Subsection (2) [which provides for automatic transfer of employment contracts in the absence of agreement involving the employees] does not prevent an employee from being transferred to a pension, provident, retirement or similar fund other than the fund to which the employee belonged prior to the transfer, if the criteria in section 14(1)(c) of the Pension Funds Act, 1956 (Act 24 of 1956) are satisfied.’


This subsection strengthens the conclusion that in this case, under the old section, transfer to another fund is not possible. But it does not adequately address the transfer of pension rights simultaneously with the transfer of employment contracts where employees are not by agreement party to the transfer.

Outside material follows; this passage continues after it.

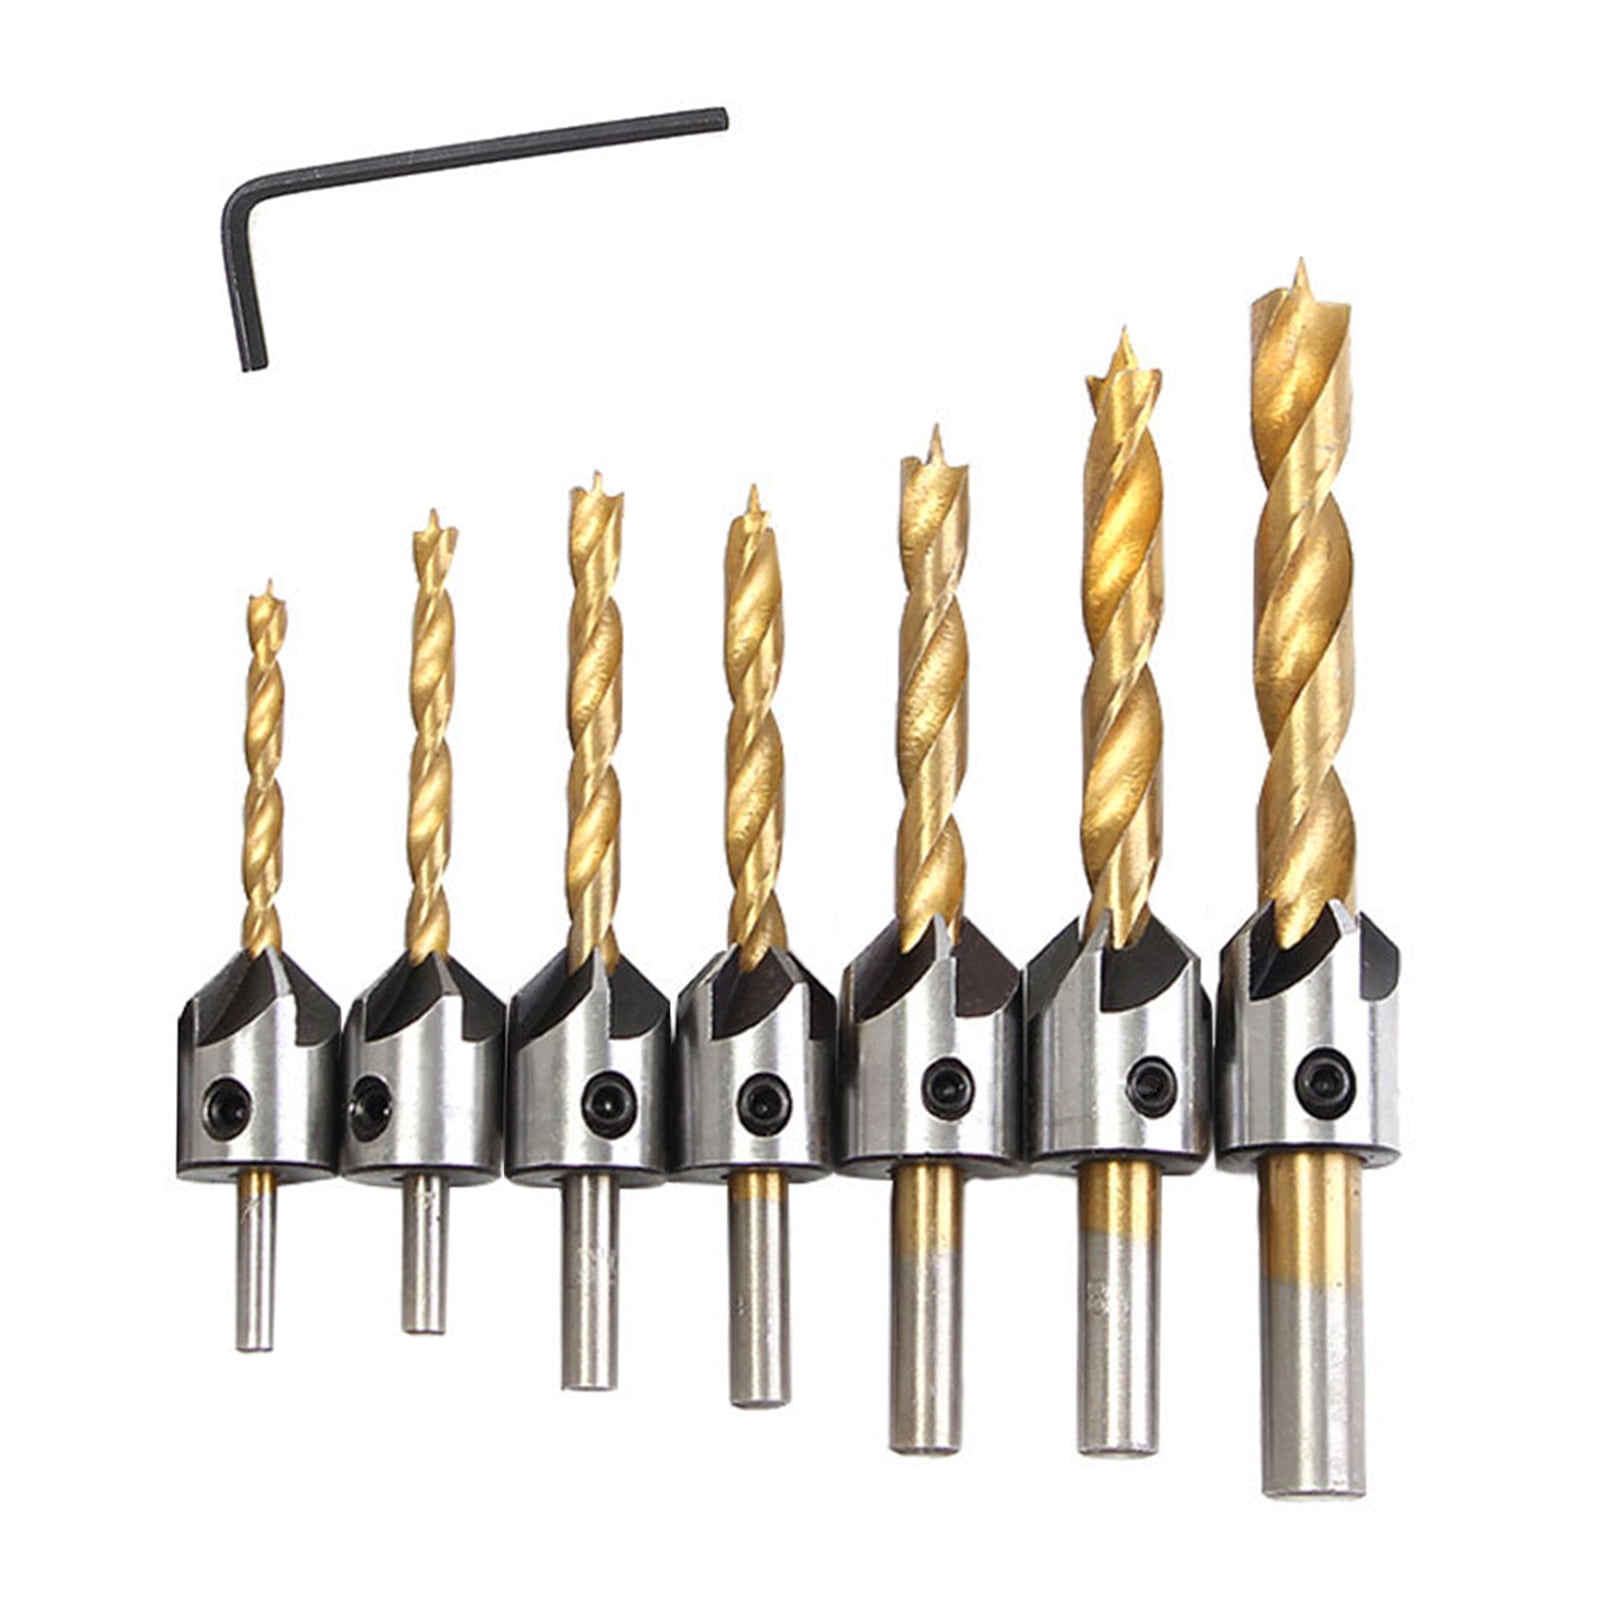 Countersink Drill Bits Set Woodworking Reamer Chamfer Tool 3-10mm Pre-Drill Counterbore Drill Bits Made for Screw

[19] Yet another alternative advanced by counsel during the course of argument was that, being a statutory provision, s 197 overrides the rules of the Fund, and that in order to enable compliance with the section the respondents should be regarded as members of the Fund despite the terms of its rules, and the new employer should be regarded as their employer for purposes of contributions although it is not an employer as defined in the rules. I can find no justification for so drastic an interpretation of s 197. I can see no merit in an interpretation which, first, compels the Fund to disregard the rules which it is by statute obliged to obey, and, second, which compels the respondents to accept a situation for which the rules do not provide and which they do not want.


[20] In the result the appeal is dismissed with costs.




RJW JONES

Acting Judge of Appeal



Concur:

HARMS JA

CAMERON JA

MTHIYANE JA

MLAMBO AJA








1 The judgment follows the wording of the notice of motion.

2 Parts of the section which are not material to this appeal are elided. They are subsections (1)(b) and (2)(b) which deal with transfer of employment contracts where the old employer is insolvent and being wound up or is being sequestrated or where a scheme of arrangement or compromise is entered into to avoid winding up or sequestration, and subsection (5) which refers to criminal prosecutions.

3 The text at my disposal contains the word ‘were’ whereas Bertelsmann J in the court a quo, and Ngcobo J in NEHAWU v University of Cape Town (2003) 24 ILJ 95 (CC) at 114G, quote from a text which contains the words ‘had been’. The difference is not important in this case.

4 (2003) 24 ILJ 95 (CC).

5 At 115C-F paras 45 and 46, 118G para 53, and 124F para 70.

6 AT 121D – 122D paras 62, 63, 64 and 65.